Benchmark indices felt the heat of the escalating Iran-Israel clash on Thursday, with foreign portfolio investors (FPIs) pulling out almost $2 billion in a single trading session. The worry that China may take fund flows away from India and the markets regulator’s tighter norms for index derivatives trading further dampened the mood.
The Sensex crashed 1,769 points or 2.1% to 82,497.10 on Thursday, and the broader Nifty slid 547 points or 2.1% to 25,250.10. Both the benchmarks closed at their lowest levels in three weeks. This was the fourth consecutive session of losses for the benchmark indices.
The decline in the broader markets was largely in line with the benchmarks despite their richer valuation. The BSE Midcap index fell 2.2%, while the BSE Smallcap index ended 1.8% lower.
According to provisional data, FPIs sold shares of Rs 15,200 crore, while domestic institutional investors (DIIs) bought Rs 12,900-crore shares. The sharp fall in the market despite aggressive buying by the DIIs indicated likely panic selling by retail investors.
The broad-based selling, which led to all sector indices closing in the red, wiped out Rs 9.8 lakh crore of investor wealth. This marked the worst day for Indian equities in nearly two months. Not surprisingly, the market’s fear gauge India VIX, which indicates the expected volatility in the next 30 days, jumped 10%.
“Most of the wars are seemingly regionalised, but all of this can move quickly to a global conflict. There are two sides to it all. If it de-escalates, we should be okay. But if it escalates, you should be ready for some more volatility,” said Kenneth Andrade, founder and chief investment officer at Oldbridge Capital Management.
Investors are worried over the widening of conflict in West Asia after almost a year of war between the Hamas and Israel. The deepening conflict raised concerns over a widespread regional crisis and its impact on crude oil prices. The Brent crude oil has risen over 4% this week to $75.6 per barrel.
A Balasubramanian, MD & CEO of Aditya Birla Sun Life AMC, said: “A combination of global and domestic factors had an impact on the markets today. On the global front, geopolitical tensions between Israel and Iran had a major role to play. This also led to a rise in crude oil prices which added pressure on India. The other factor is the surprise up move in other emerging markets like China.
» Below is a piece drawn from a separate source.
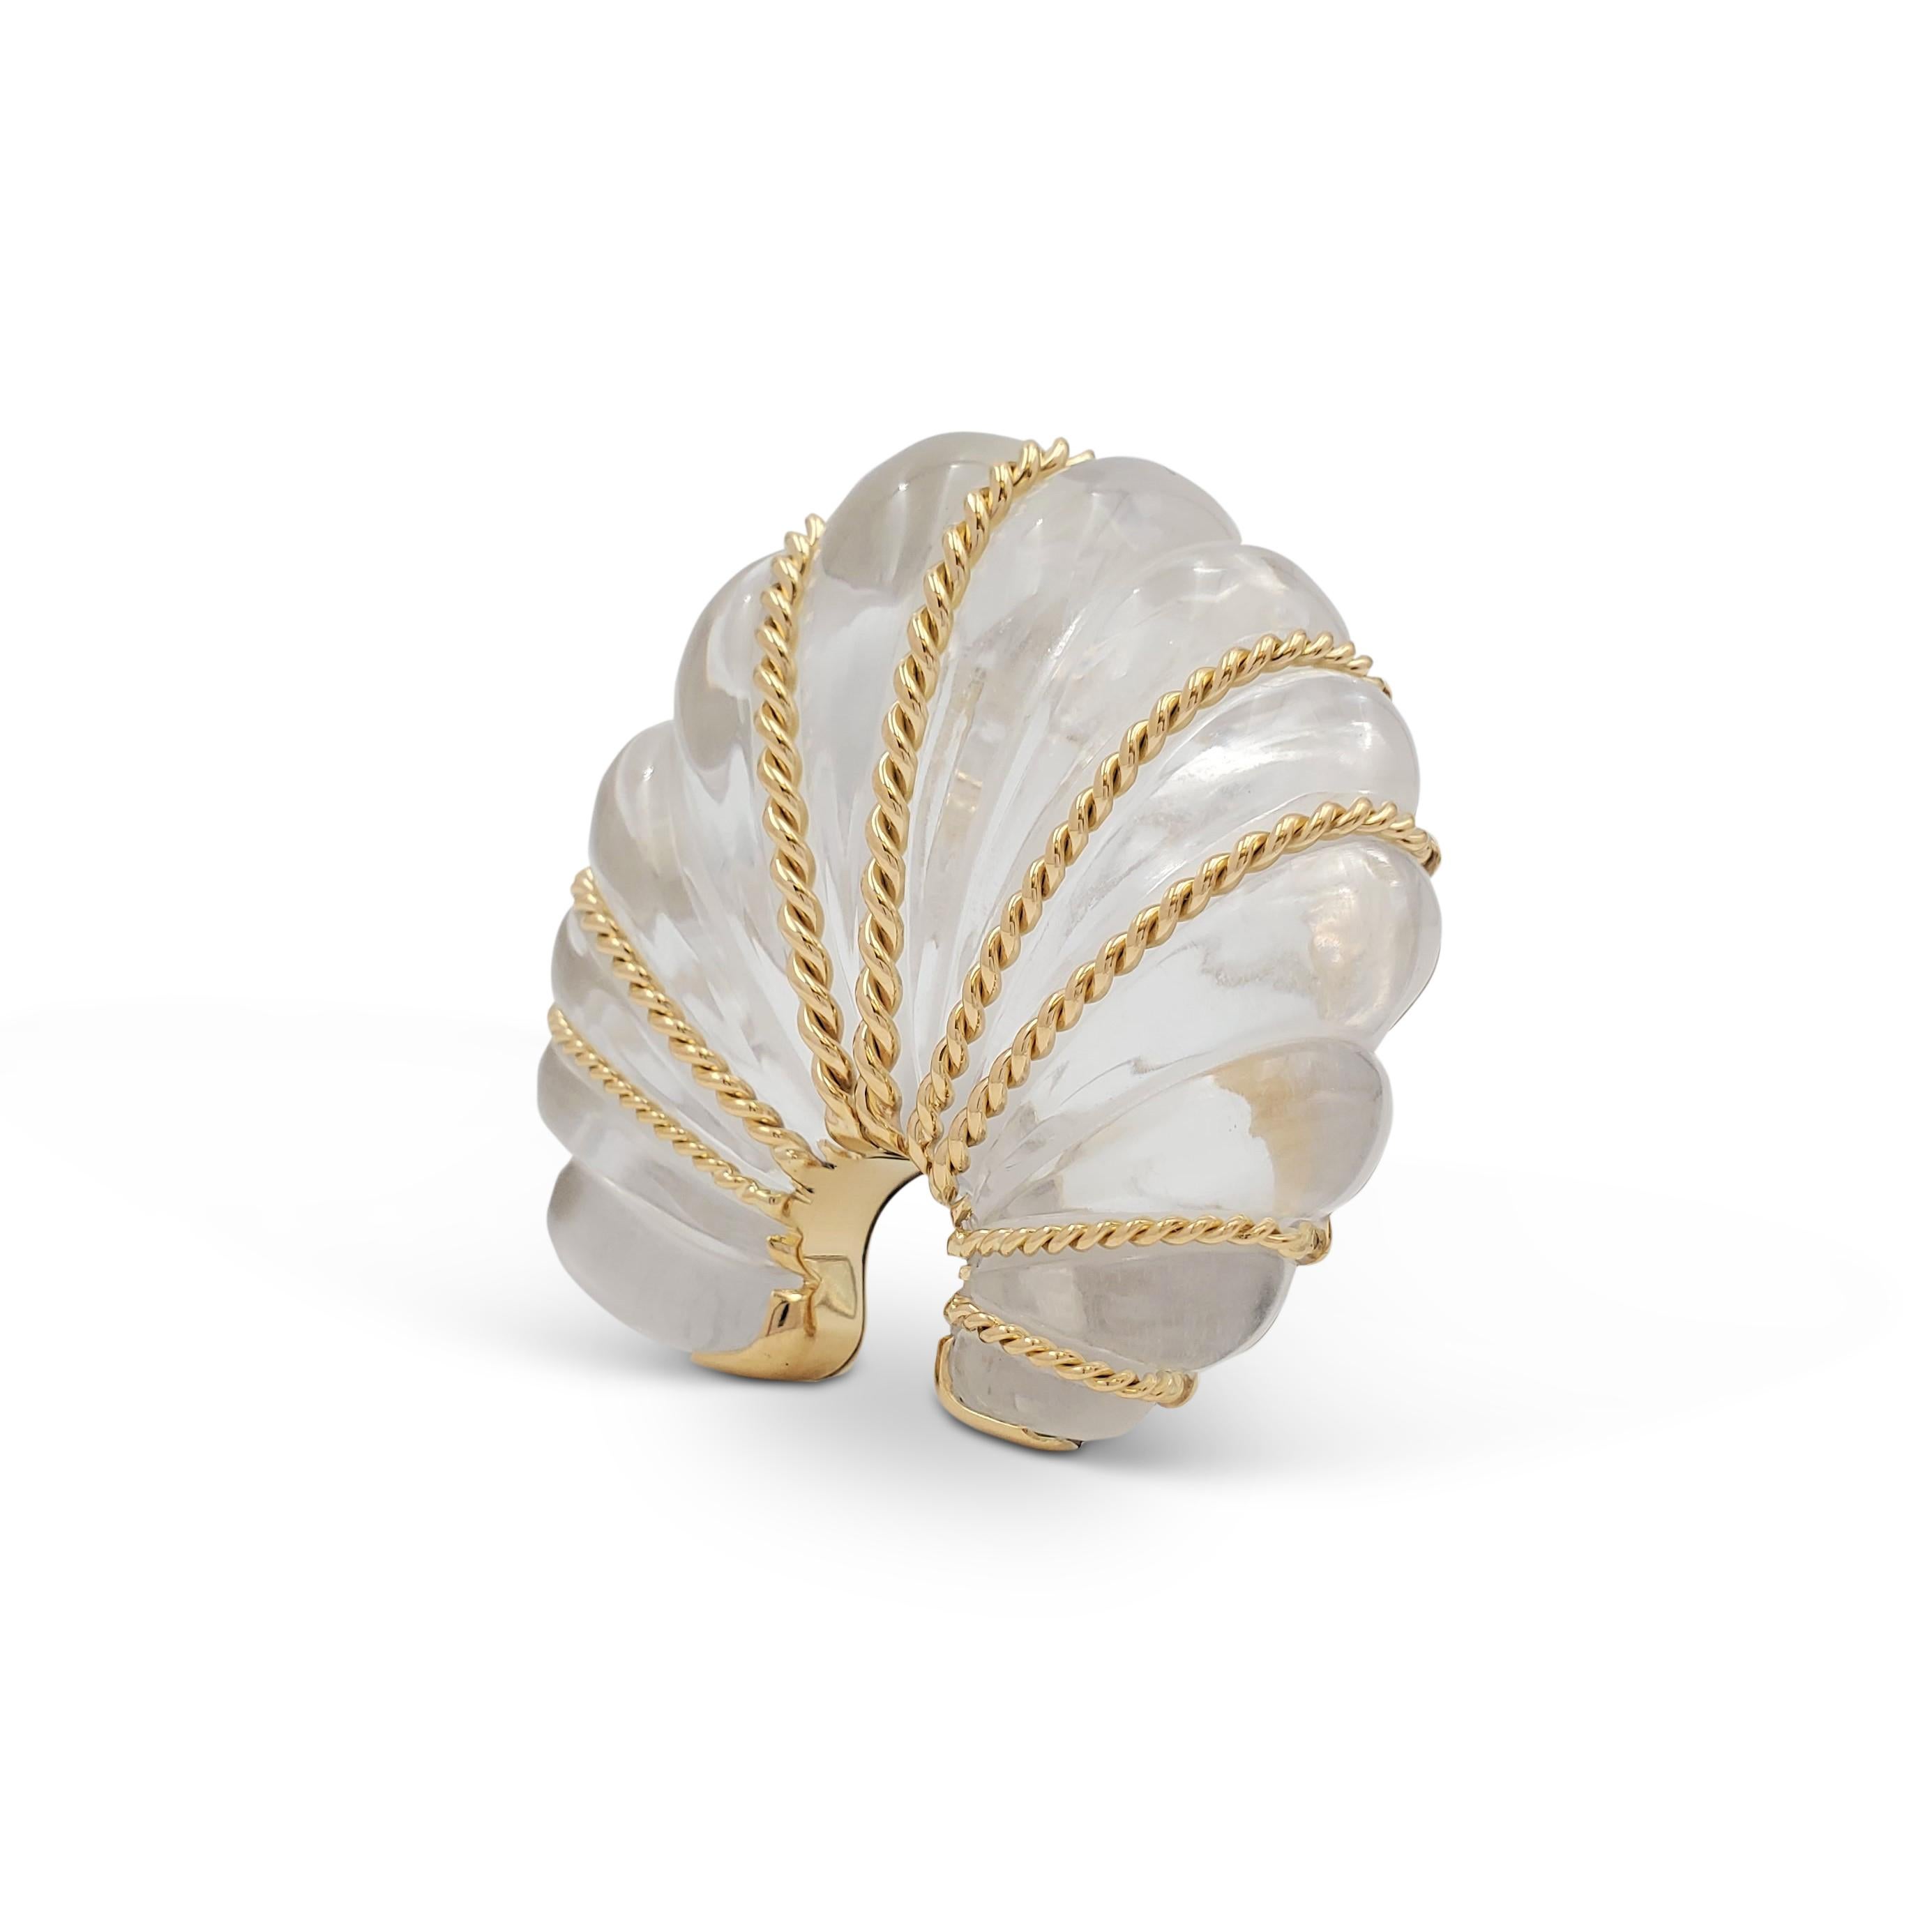 Authentic Seaman Schepps brooch centering on a fluted clear crystal fan design with 18 karat yellow twisted wires. The rock crystal is set in 18 karat yellow gold. Signed Seaman Schepps, 750, with serial number. The brooch is not presented with the

This along with the recent announcement to curb speculation in the derivatives market led to market volatility.”
However, he believes that the correction is a buying opportunity from a long-term view, given India’s growth story.
Andrade, too, was positive on domestic growth and corporate performance. “From a standpoint of corporate financial health, we currently have the best of all worlds. So, I don’t think it should be a sell-off to that extent. If we just step back to the year 2020, when the corporate India was closed for almost four months during the pandemic, corporates tightened their belt and more than survived. So, the stress test has already taken place,” he said.
Sensex is up 14% so far in FY25 even after accounting for Thursday’s decline, while the BSE Smallcap and the BSE Midcap indices have surged around 31% each.